Mereka bersekongkol bergerak di bawah tanah, sehingga aparat penegak hukum
selalu tertinggal selangkah dari gerakan mereka.
Dalam skala yang lebih luas, mafia menggerogoti citra
penyelenggara negara, termasuk Dewan Perwakilan Rakyat (DPR). Mafia peradilan,
mafia korupsi, mafia pajak, mafia tanah, mafia anggaran DPR, dan berbagai
bentuk lainnya seolah mendapat toleransi sehingga begitu bebas bergerak.
Akibatnya, uang rakyat begitu gampang dibobol dan aparat hukum dibuat tidak
berkutik, dan tidak berani berhadapan dengan mafia yang terstruktur. Ironisnya,
mereka dilindungi oleh kekuatan politik dan kekuasaan.
Kuatnya cengkraman mafia di negeri ini, membuat perkara korupsi
yang diperiksa dan diadili di pengadilan hanya sekadar mengejar kepastian dan
mengabaikan rasa keadilan masyarakat. Orang tidak lagi mencari keadilan, tetapi
kemenangan dengan segala macam cara dan difasilitasi oleh aparat penegak hukum.
Kebenaran dan keadilan hanya ada dalam buku (law in books), tidak dalam
realitas. Faktor ekonomi dan tekanan politik, menjadi kekuatan sangat
mempengaruhi aparat penegak hukum.
Dana Anggaran Pendapatan dan Belanja Negara (APBN) dijadikan
sasaran empuk dikorup melibatkan oknum anggota Badan Anggaran (Banggar) DPR.
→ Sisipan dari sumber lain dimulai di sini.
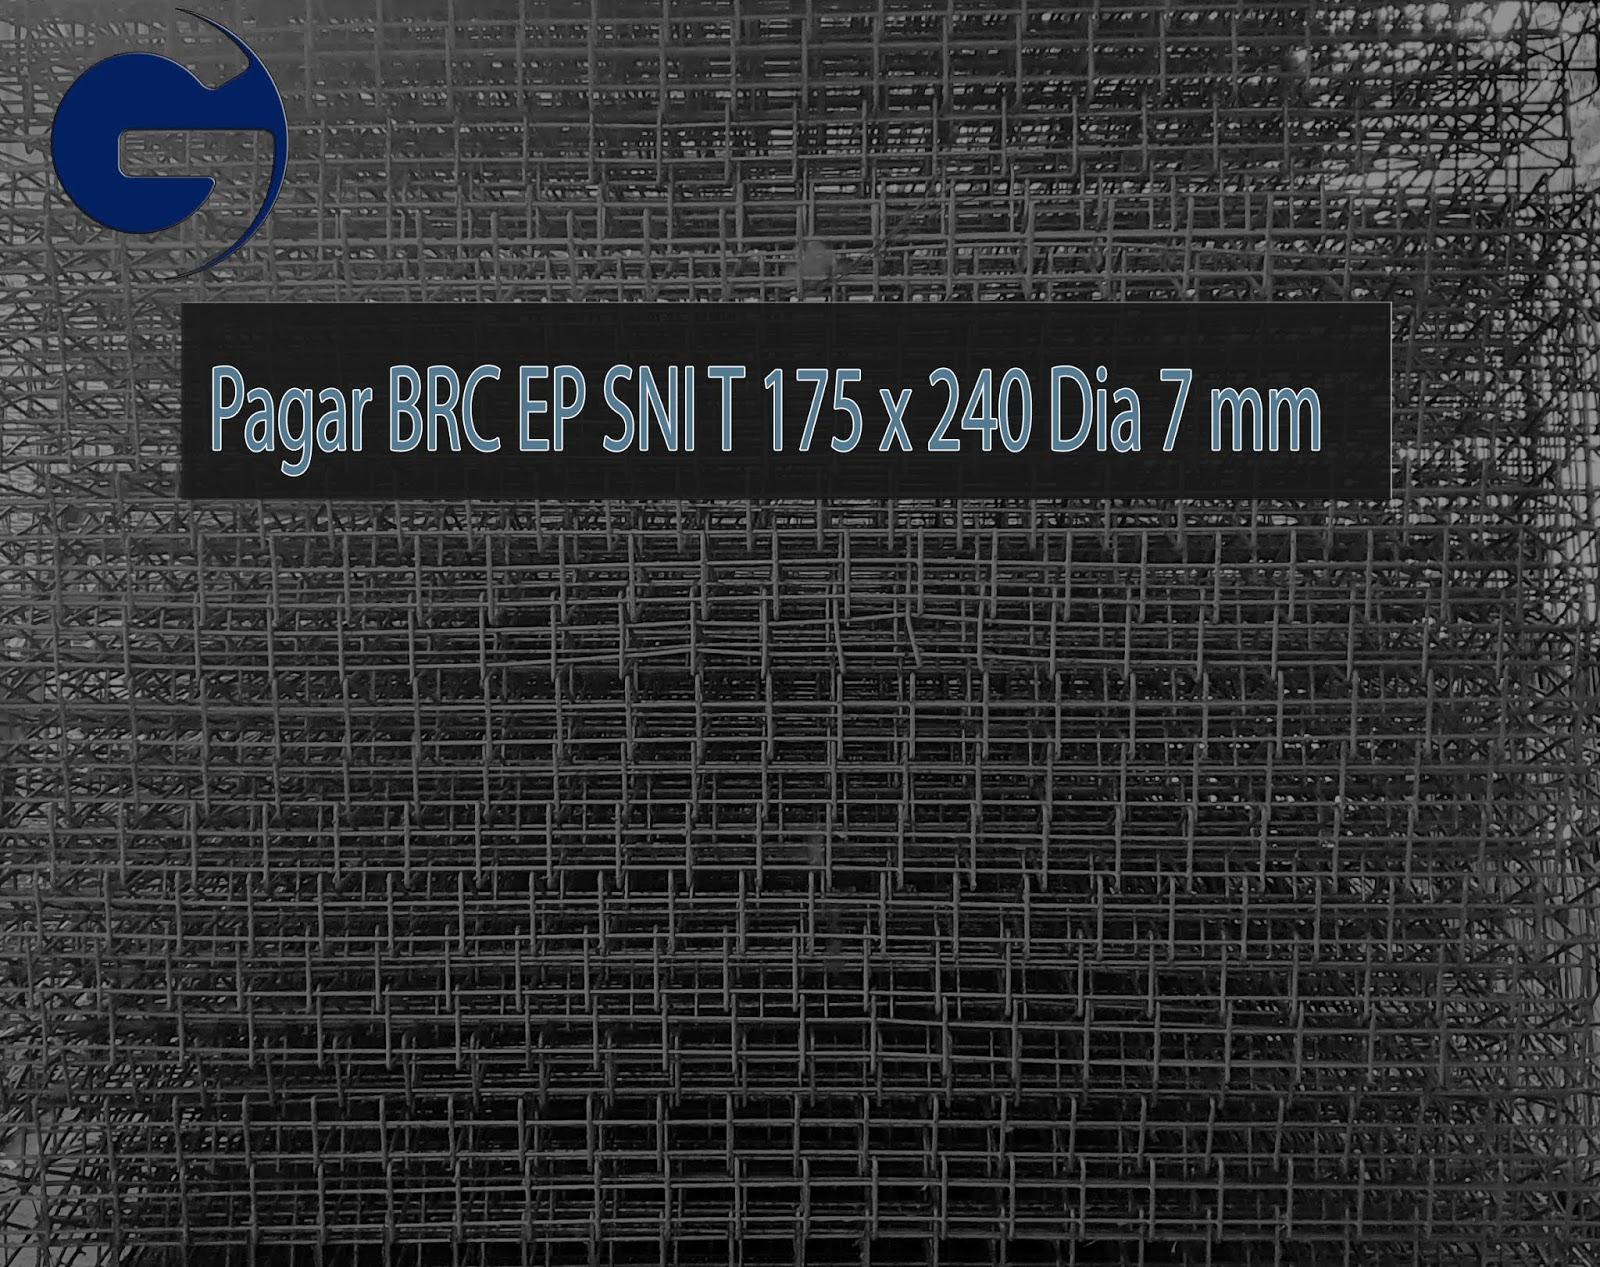 Jual Pagar BRC EP SNI T 175 x 240 Dia 7 mm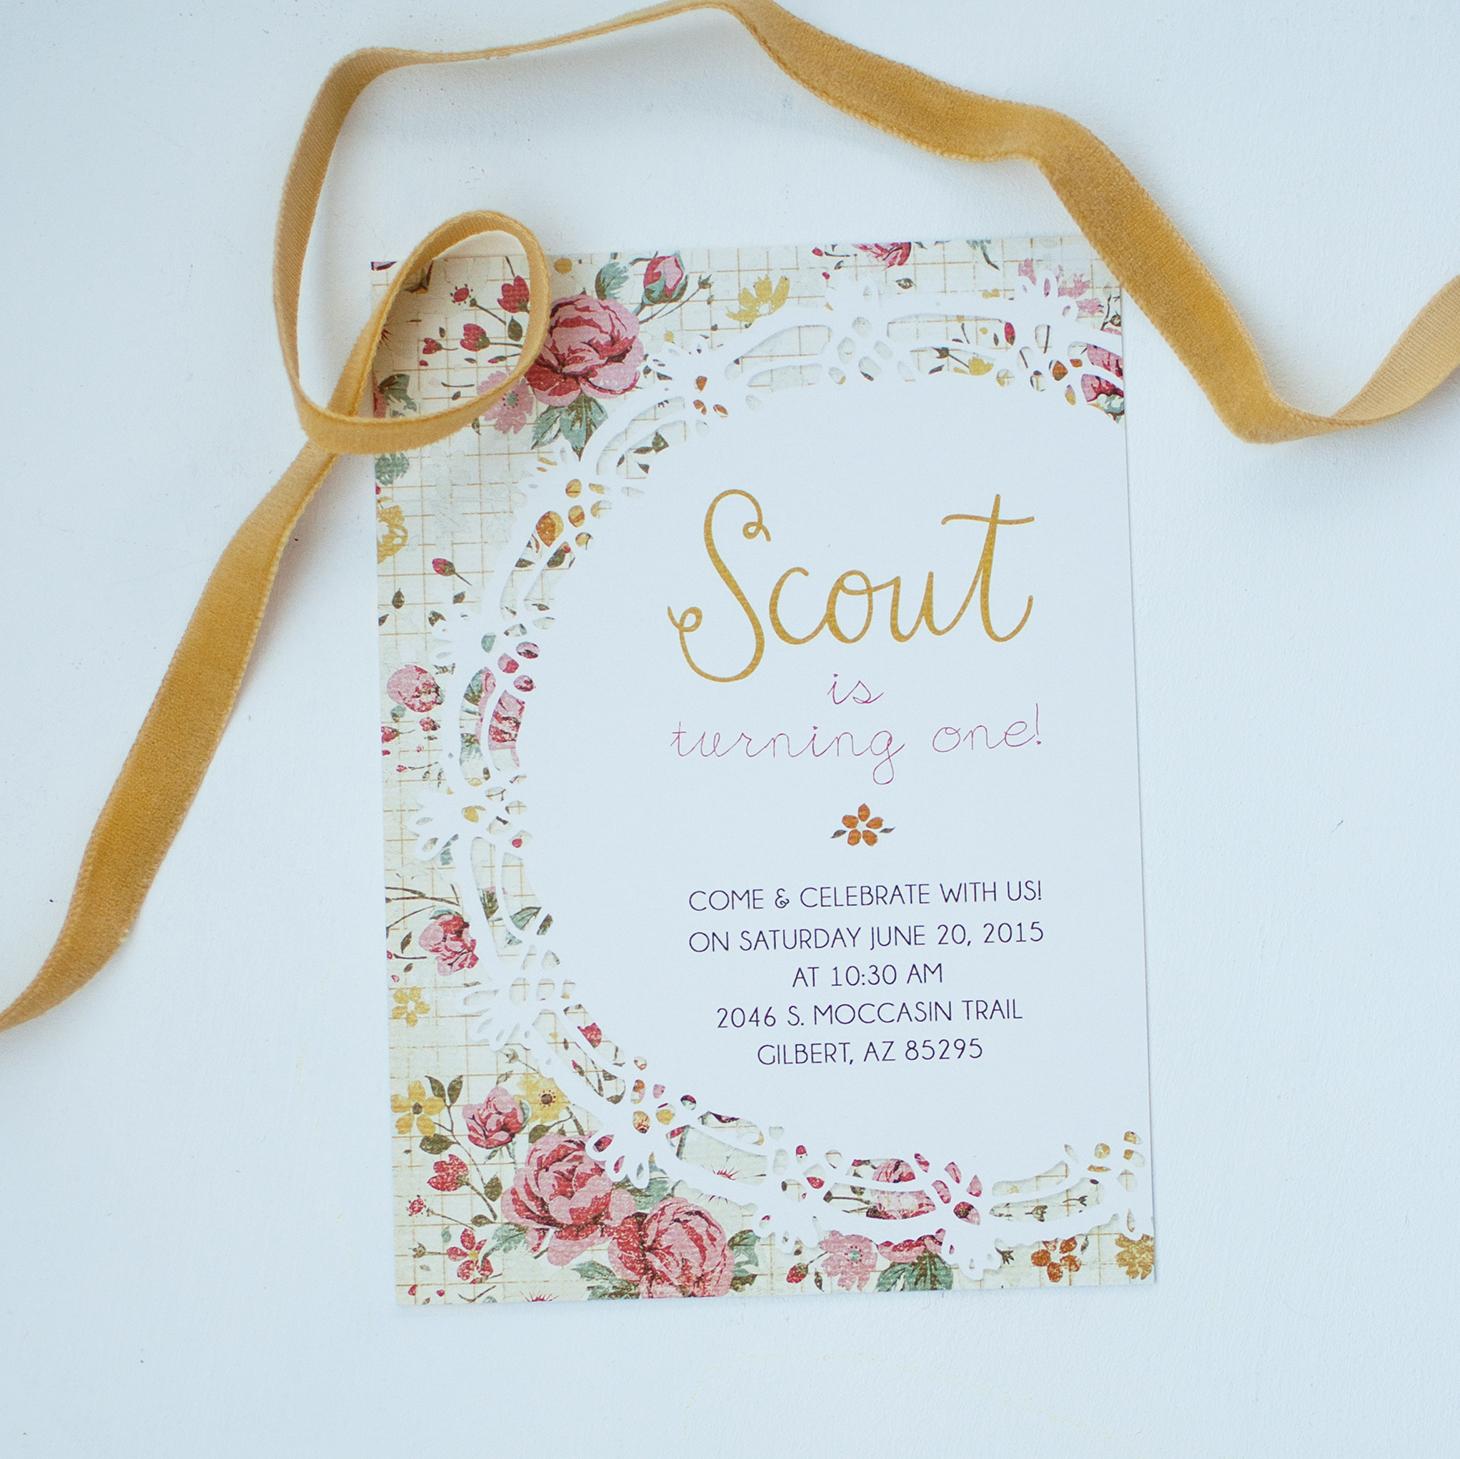 Sarah Garner Design, Graphic Design, Arizona, Print Design, Gilbert, Invitation Design, Invites

Ini, yang membuat citra DPR semakin terpuruk di mata publik, seperti hasil
Lingkaran Survei Indonesia (LSI) yang dipublikasikan (2/10/2011). LSI
menyimpulkan (Republika, 2/10/2011) sekitar 51,3 persen dari 1.200 responden
menilai citra politik di negeri ini terpuruk akibat korupsi dana APBN.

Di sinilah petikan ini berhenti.